Nous avons ensuite développé une méthode puissante associant les résultats de différentes statistiques permettant de détecter l’action de la sélection positive sur des séquences pour identifier des gènes ayant participé à l’adaptation spécifiques de populations. La datation des évènements de sélection positive que nous avons identifiés se révèle être en accord avec l’hypothèse selon laquelle la première révolution agricole aurait induit une profonde modification de l’exposition de l’Homme face aux pathogènes, ce qui aurait mené à une adaptation des populations à leur environnement particulièrement marquée. Cependant, nous avons aussi identifié des évènements de sélection particulièrement récents. Ainsi, nous avons pour la première fois montré que l’évènement de sélection sur la mutation 1264G du gène CD36, qui a été aussi rapportée par plusieurs autres études comme étant sous sélection positive chez les Yorubas, remonte à 3 600 ans. Cela supporte l’idée que cet évènement de sélection est particulièrement fort et récent.

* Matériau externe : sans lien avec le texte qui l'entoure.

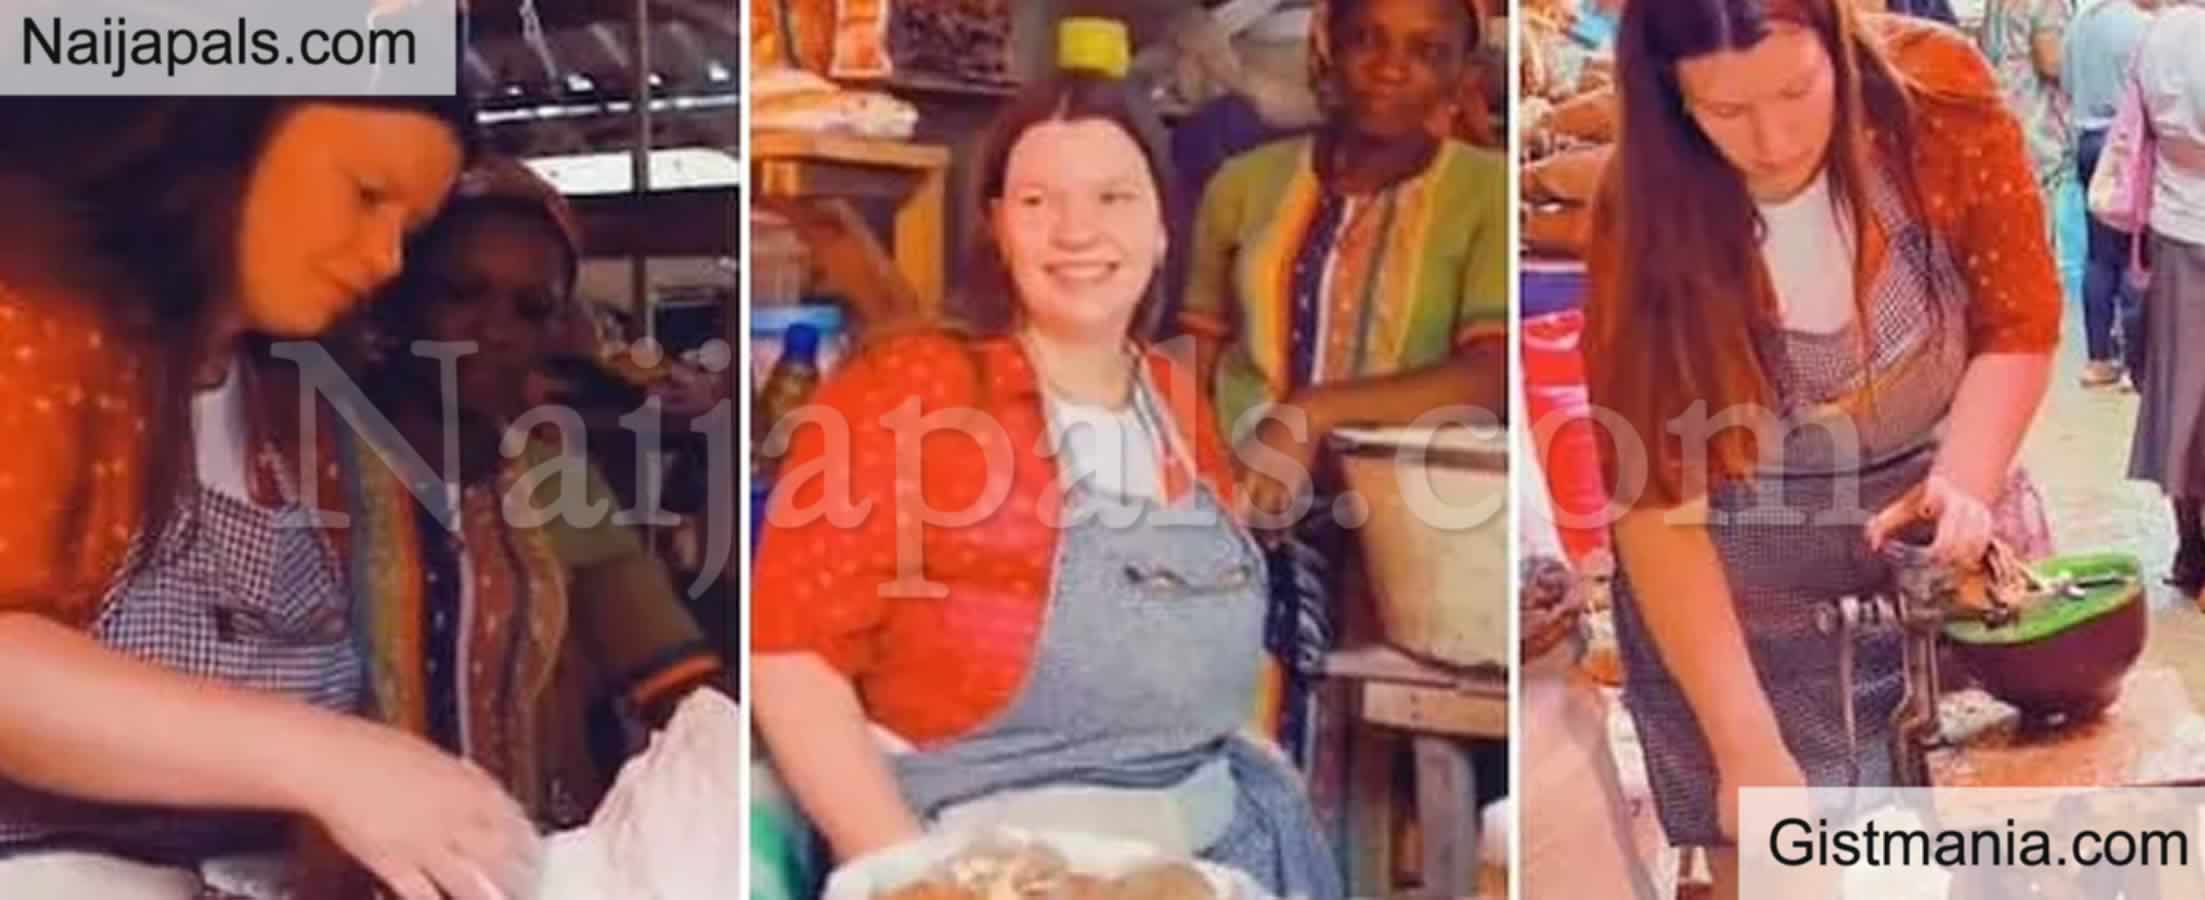 <img alt='.' class='lazyload' data-src='https://img.gistmania.com/emot/video.gif' /> <b>Oyinbo Woman Spotted Grinding And Selling Foodstuff In Abuja Market</b> (VIDEO)

Finalement, nous avons pour la première fois estimé la part de diversité génétique présente dans les gènes de l’immunité que nous aurions pu hériter de l’Homme de

Néandertal. Nos résultats montrent que l’introgression d’allèles de ces hominidés aujourd’hui éteints n’est pas homogène parmi les gènes de l’immunité innée. Certains récepteurs tels que les gènes OAS ou le cluster TLR6-1-10 montrent de fortes probabilités d’ascendance néandertalienne ainsi que des preuves moléculaires notées dans cette étude ou dans d’autres d’évolution sous sélection positive. Cela nous laisse supposer que l’apport de diversité génétique supplémentaire dans ces régions géniques a pu être avantageux pour Homo

sapiens, lui permettant d’acquérir des innovations moléculaires adaptées au nouvel environnement auquel il était confronté lors de sa cohabitation avec Néanderthal.

Notre étude prise dans son ensemble améliore les connaissances que nous avons de l’importance et la redondance des gènes de l’immunité innée et apporte donc un éclairage nouveau sur la participation de l’Homme de Néandertal à la diversité génétique retrouvée dans ces gènes.